Vanishing And Exploding Gradient Problems

Jefkine, 21 May 2018

Introduction

Two of the common problems associated with training of deep neural networks using gradient-based learning methods and backpropagation include the vanishing gradients and that of the exploding gradients.

In this article we explore how these problems affect the training of recurrent neural networks and also explore some of the methods that have been proposed as solutions.

Recurrent Neural Network

A recurrent neural network has the structure of multiple feedforward neural networks with connections among their hidden units.

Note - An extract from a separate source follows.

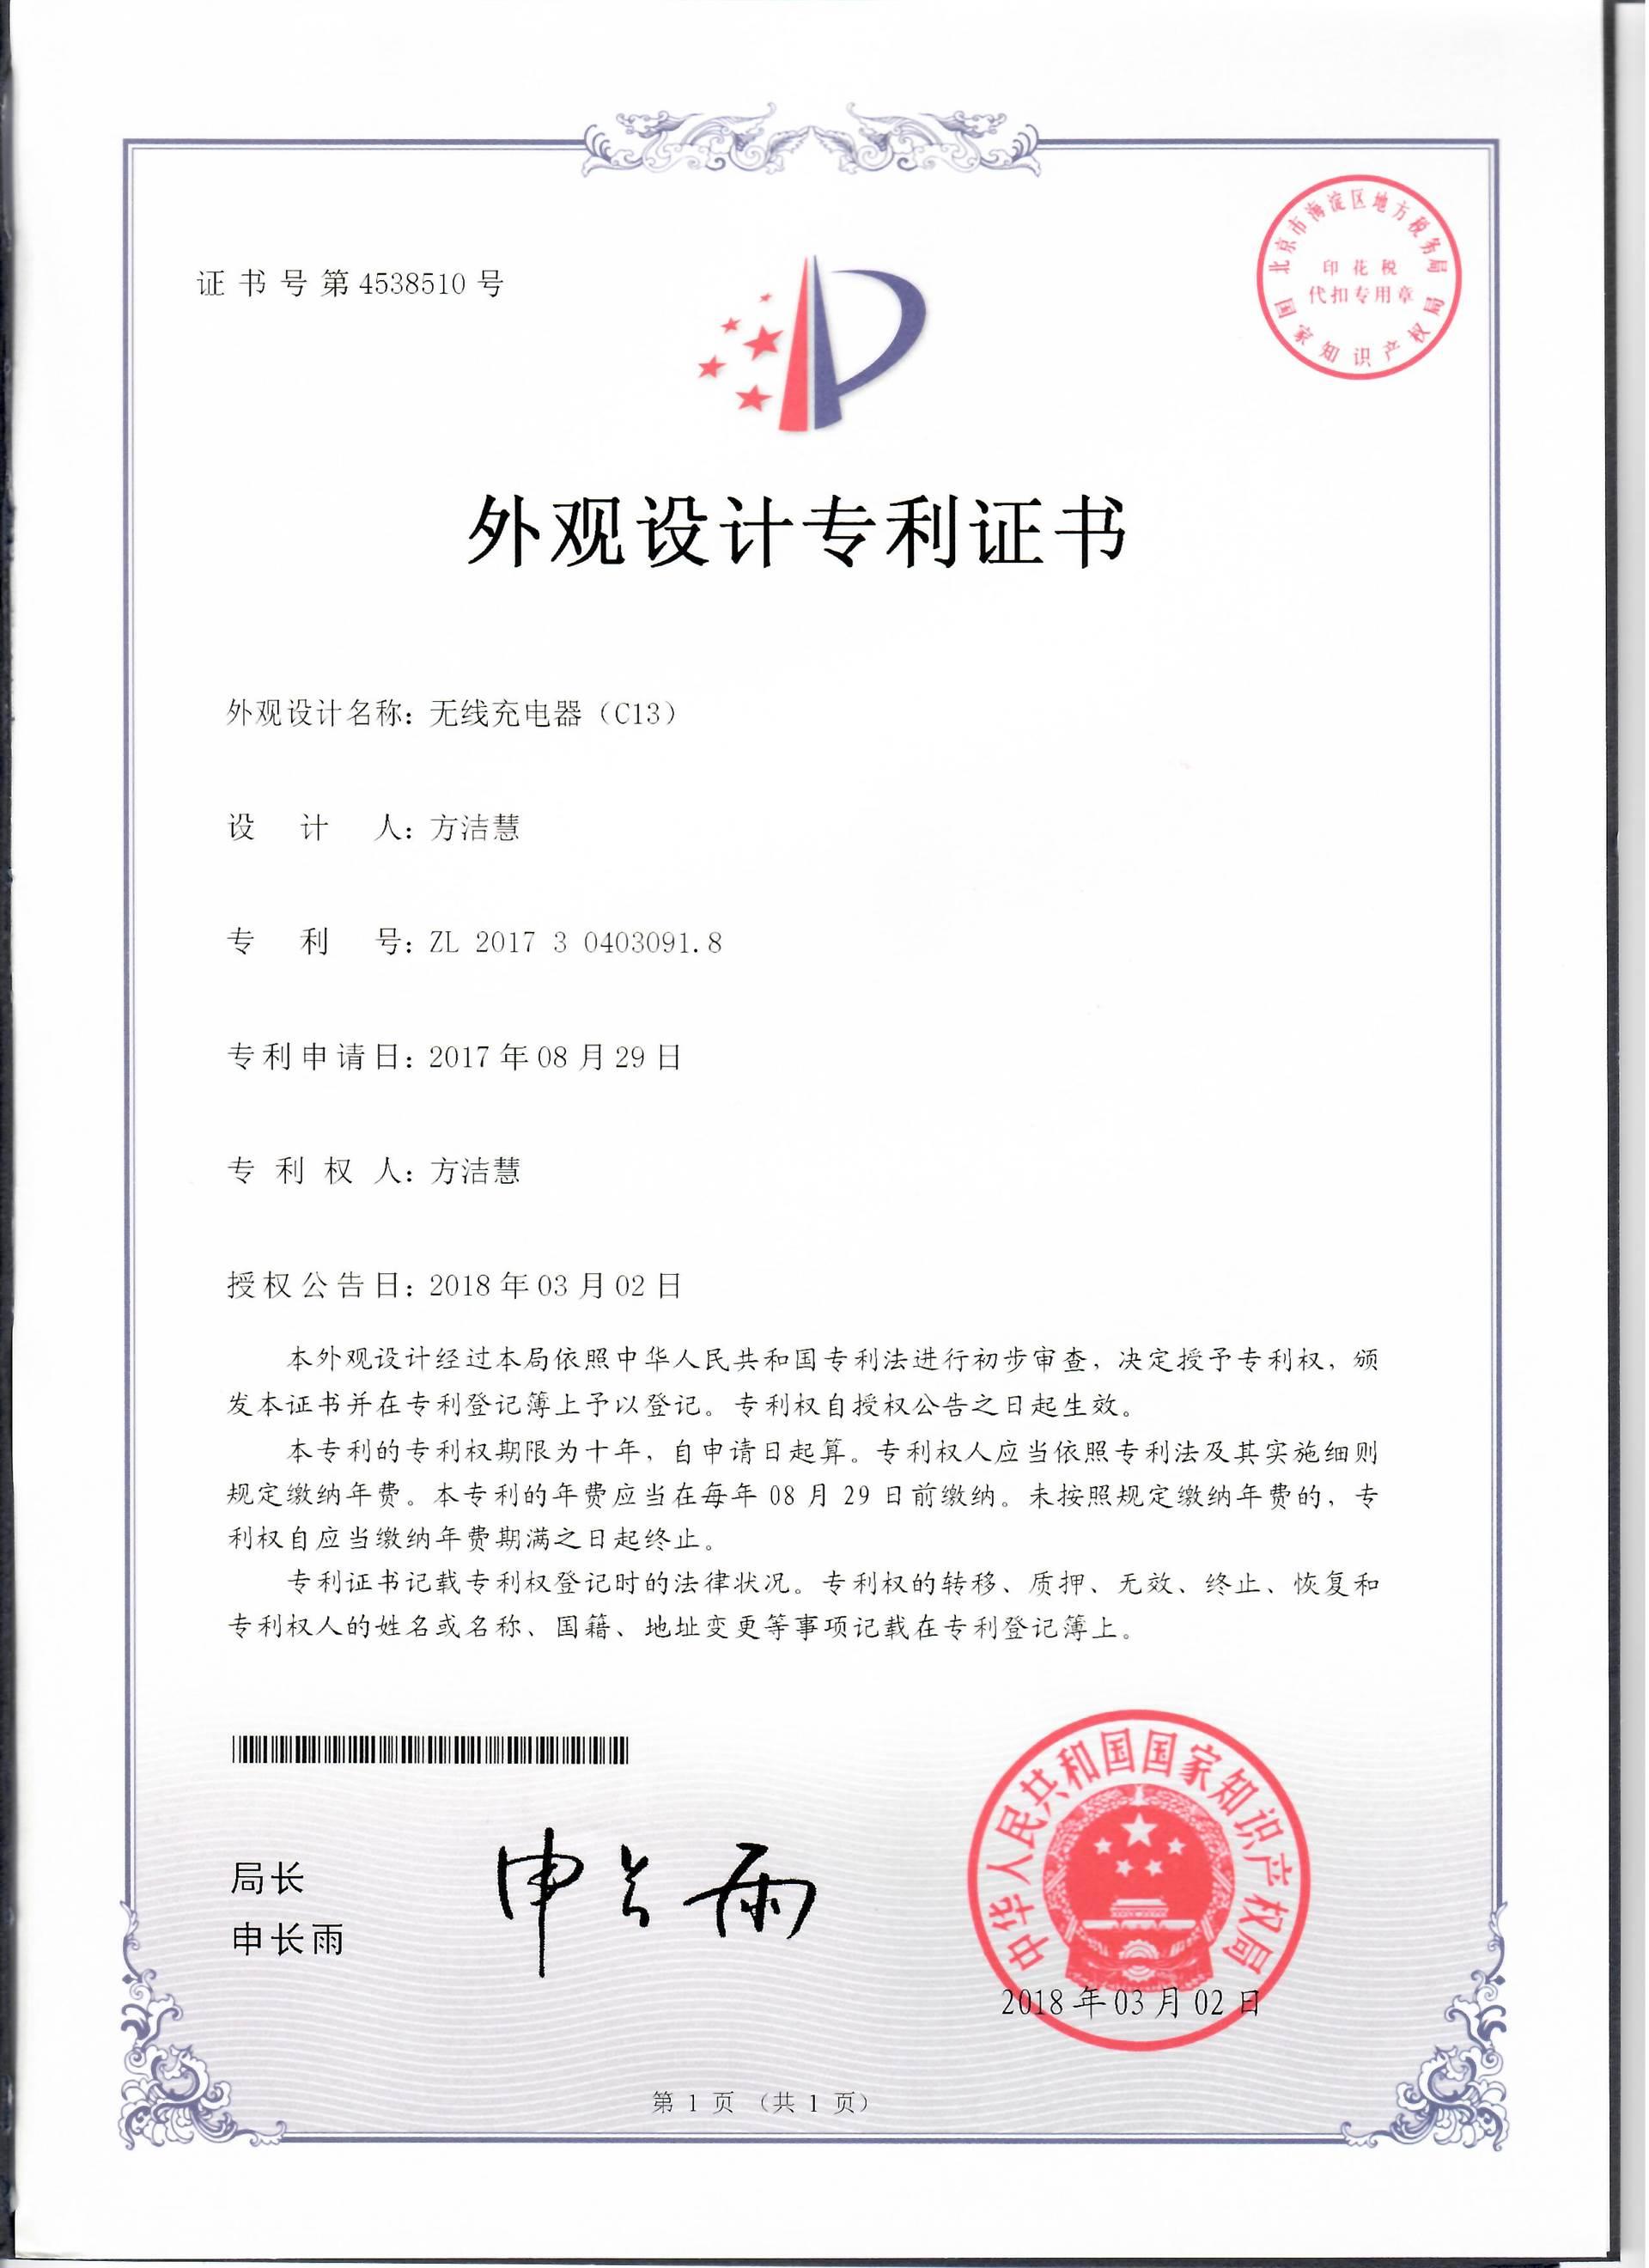 C13外观设计专利证书

Each layer on the RNN represents a distinct time step and the weights are shared across time.

The combined feedfoward neural networks work over time to compute parts of the output one at a time sequentially.

Connections among the hidden units allow the model to iteratively build a relevant summary of past observations hence capturing dependencies between events that are several steps apart in the data.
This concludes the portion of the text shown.